The Problem: Drowning in Alerts, Missing the Real Threats
AppSec teams frequently struggle with an ever-growing list of reported vulnerabilities. Static Application Security Testing (SAST), Dynamic Application Security Testing (DAST), and Software Composition Analysis (SCA) tools generate hundreds, if not thousands, of findings. When prioritization hinges primarily on a vulnerability’s CVSS Base Score, engineering teams commonly report dedicating 30–40% of their remediation efforts to issues that are never actively exploited in the wild, diverting critical resources from truly impactful threats.
Consider a production service that handles sensitive customer data. A new high-severity vulnerability (CVSS 8.5) is reported by your DAST scanner. Without further context, this goes straight to the top of the remediation queue. However, if this vulnerability requires complex pre-authentication steps or relies on an obscure library not actively exploited, its real-world risk might be lower than a medium-severity (CVSS 6.0) bug that has known public exploits and is easily triggerable. The problem isn't the volume of vulnerabilities; it's the lack of an accurate, dynamic signal to differentiate actual threats from theoretical ones. This misallocation of effort leads to slower patch cycles for critical vulnerabilities, increased security debt, and a false sense of security.
How It Works
Effective prioritization moves beyond theoretical severity by integrating data on actual exploitability. This means understanding not just if a vulnerability could be exploited, but how likely it is to be exploited and whether it has been exploited in the wild.
Beyond CVSS: The Power of Exploitability Intelligence
CVSS provides a standardized way to rate vulnerability characteristics, but it's largely static and doesn't account for the evolving threat landscape.

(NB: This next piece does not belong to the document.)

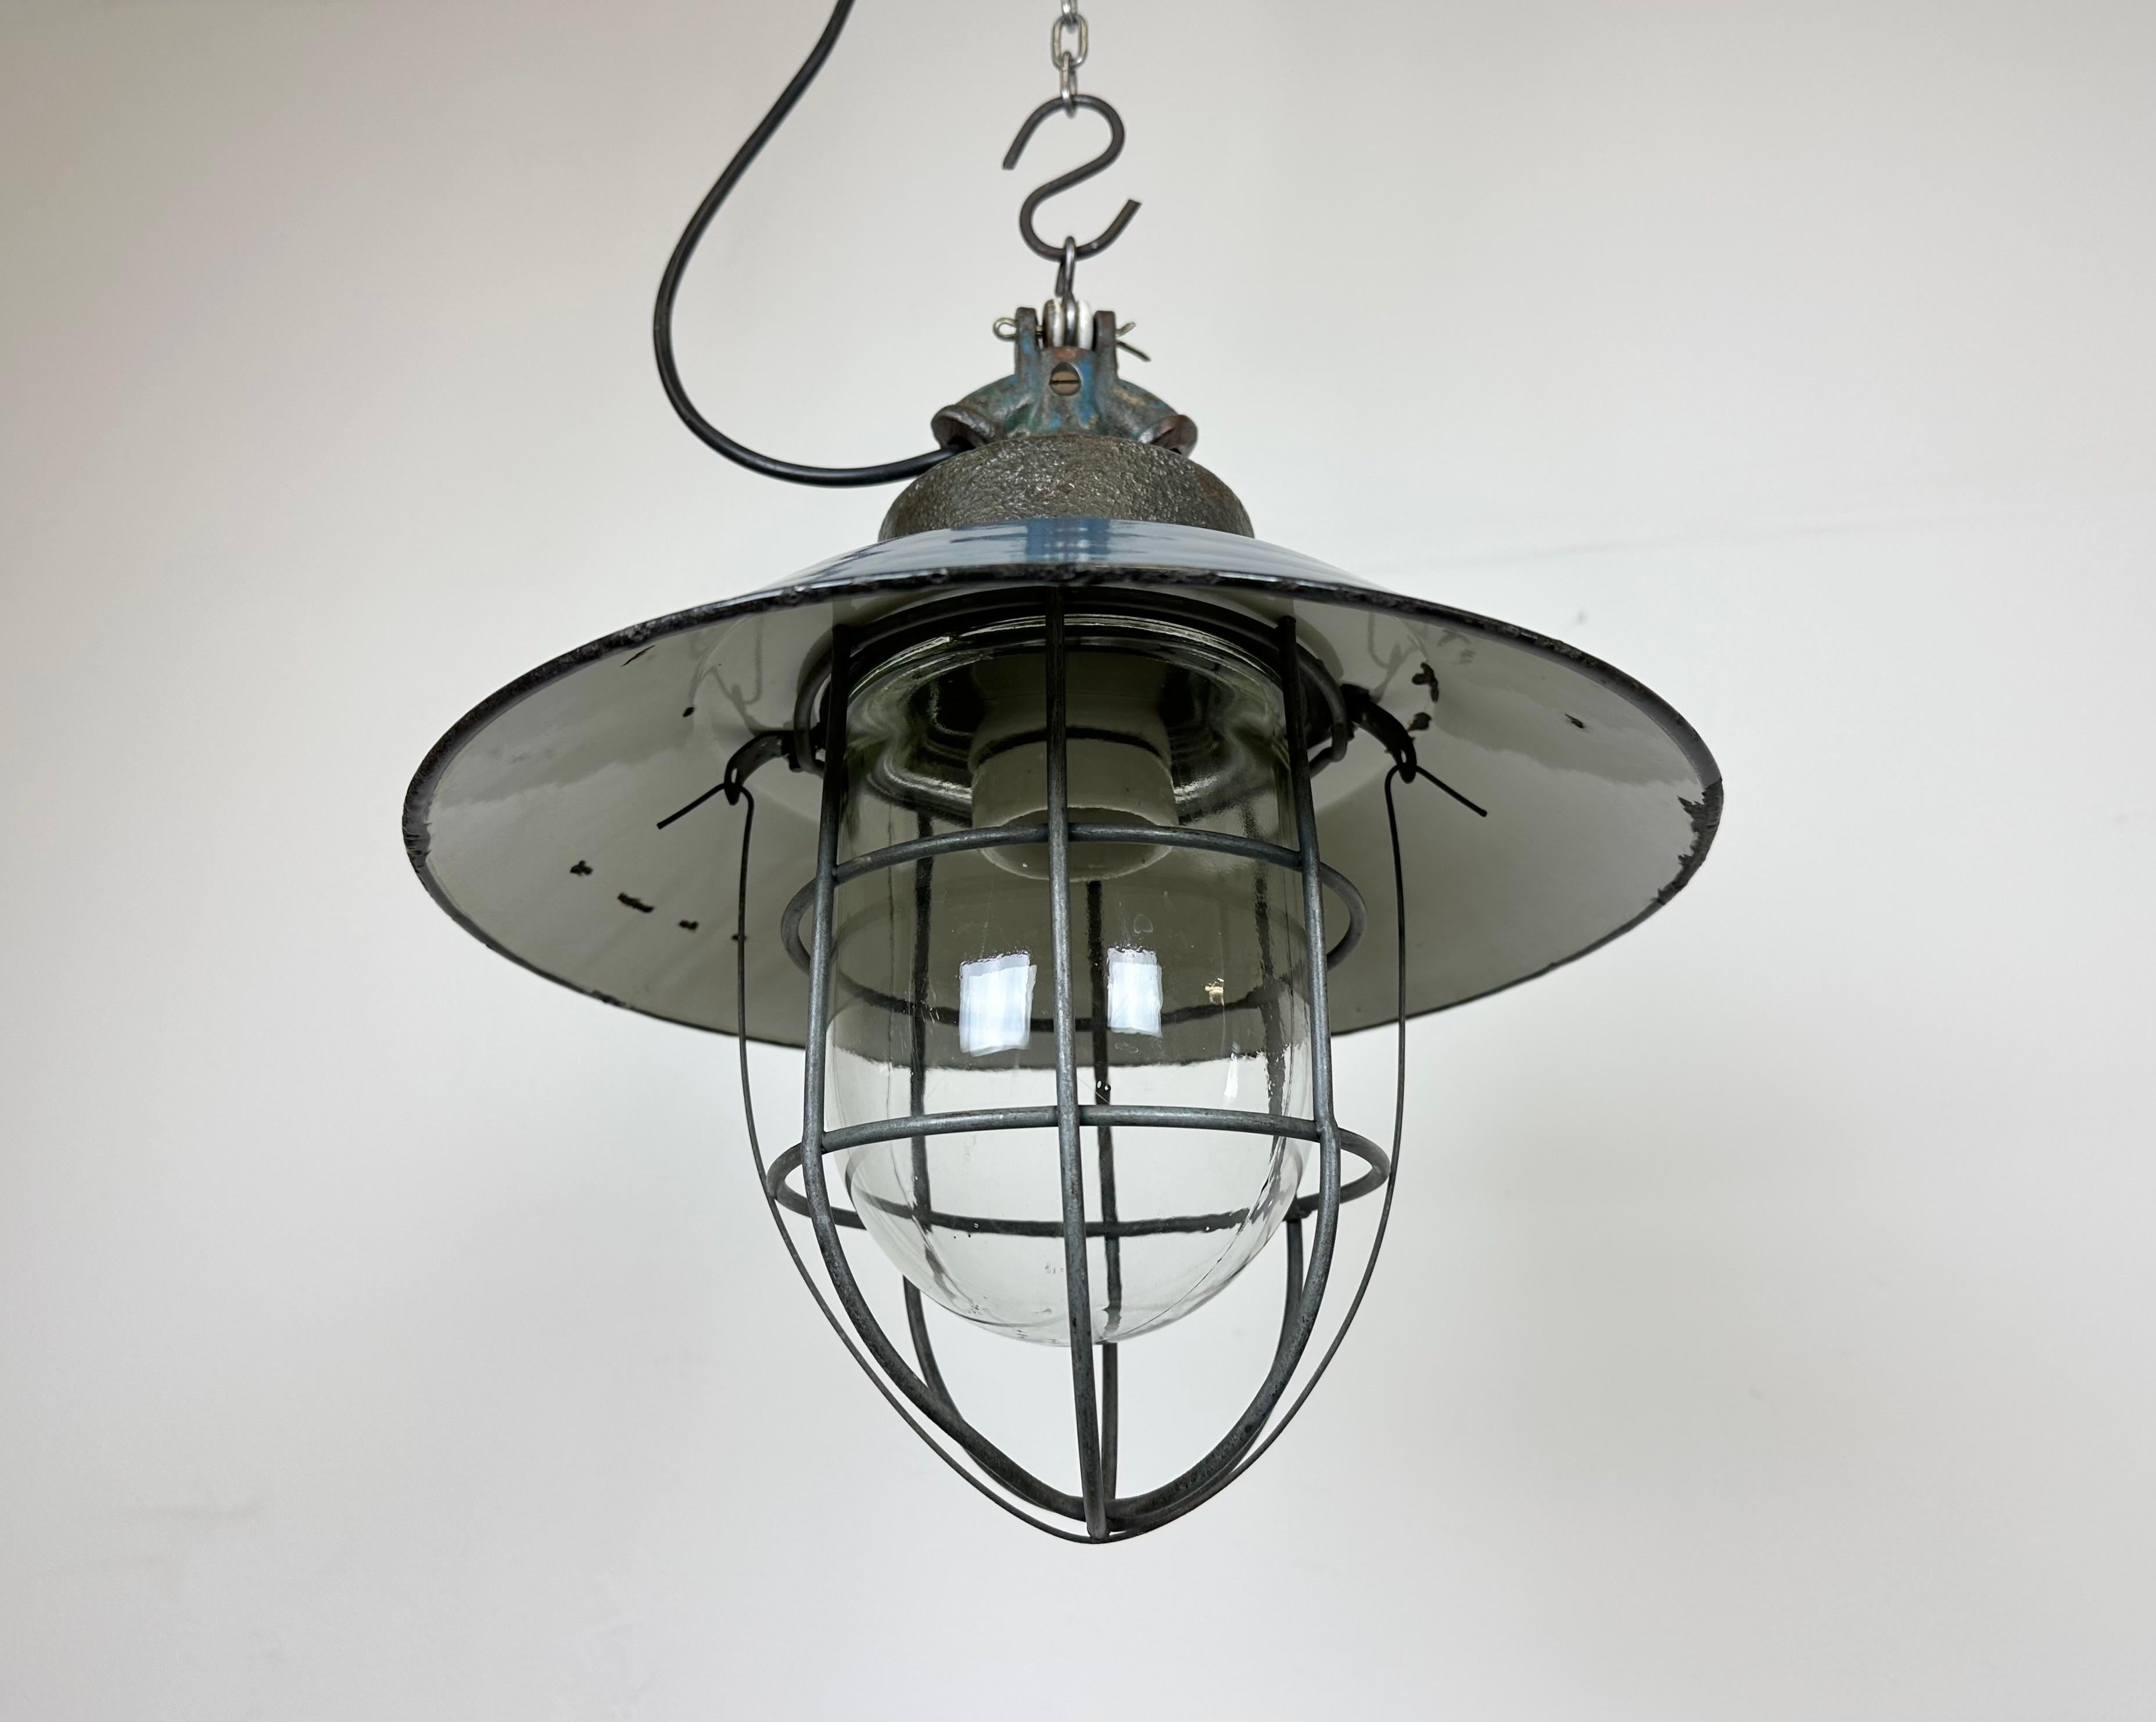 Blue Enamel and Cast Iron Industrial Cage Pendant Light, 1960s For Sale 5

To gain a complete picture, we integrate dynamic exploitability intelligence:
Exploit Prediction Scoring System (EPSS): This open, data-driven framework provides a probability score (0-1) that a vulnerability will be exploited in the wild within the next 30 days. EPSS leverages machine learning models trained on CVE data, exploit activity, and vulnerability information. An EPSS score of 0.95 means there's a 95% chance of exploitation. This dynamic score is significantly more useful than a static CVSS for predicting real-world risk. According to FIRST (link: https://www.first.org/epss/model), EPSS prioritizes vulnerabilities that are highly likely to be exploited, cutting down noise.
CISA Known Exploited Vulnerabilities (KEV) Catalog: Maintained by the U.S. Cybersecurity and Infrastructure Security Agency, the KEV catalog lists vulnerabilities that have been confirmed to be actively exploited in the wild. If a CVE appears in the KEV catalog (link: https://www.cisa.gov/known-exploited-vulnerabilities-catalog), it moves from theoretical risk to a proven, immediate threat. This catalog provides critical, non-negotiable signals for prioritization.
Commercial Threat Intelligence Feeds: Various vendors offer subscription-based threat intelligence that includes details on exploit availability, attack campaigns, and dark web activity. While often costly, these feeds can provide deep, proprietary insights that complement public sources.
The interaction between these sources is crucial: CVSS provides a baseline, EPSS layers a predictive probability, and the CISA KEV catalog confirms active exploitation. A vulnerability with a high CVSS might have a low EPSS if no active exploits exist. Conversely, a medium CVSS bug in the KEV catalog demands immediate attention, regardless of its EPSS score, because it's already being exploited.
Crafting a Risk-Based Prioritization Framework
A robust prioritization framework combines exploitability data with internal business context to calculate a composite risk score. The core formula we often use is:
`RiskScore = ExploitabilityFactor × BusinessImpactMultiplier × SystemCriticalityMultiplier`
Let's break down the components:
Exploitability Factor: Derived from EPSS scores, KEV presence, and availability of public exploits. For instance, KEV presence could give a flat high multiplier, while EPSS provides a granular scale.
Business Impact Multiplier: This reflects the potential damage if the vulnerability is exploited.
* High (3x): Affects critical customer data, financial systems, or core revenue-generating services.
* Medium (2x): Affects internal tools, non-sensitive data, or secondary services.
* Low (1x): Minimal business disruption, public-facing but non-critical assets.
System Criticality Multiplier: How essential is the affected system to your operations?
* High (3x): Production services, identity management, core infrastructure.
* Medium (2x): Staging environments, analytics platforms, non-core APIs.
* Low (1x): Development environments, internal documentation sites.
This framework allows a low-CVSS, high-exploitability vulnerability in a critical system with high business impact to correctly rise above a high-CVSS, low-exploitability bug in a less critical, low-impact system.
Integrating Data Sources for Unified Scoring
To implement this, you need a way to aggregate data from various sources. This typically involves API calls to vulnerability scanners, the EPSS API, and parsing the CISA KEV feed.
Here’s a conceptual Python example for fetching EPSS data for a CVE:
import requests
import json
from datetime import datetime
# Function to fetch EPSS score for a given CVE
def get_epss_score(cve_id: str) -> float | None:
"""
Fetches the EPSS score for a specified CVE ID from the FIRST EPSS API.
Returns the EPSS score as a float, or None if not found or an error occurs.
"""
epss_api_url = f"https://api.first.org/epss/v1/cve/{cve_id}"
try:
response = requests.get(epss_api_url, timeout=5)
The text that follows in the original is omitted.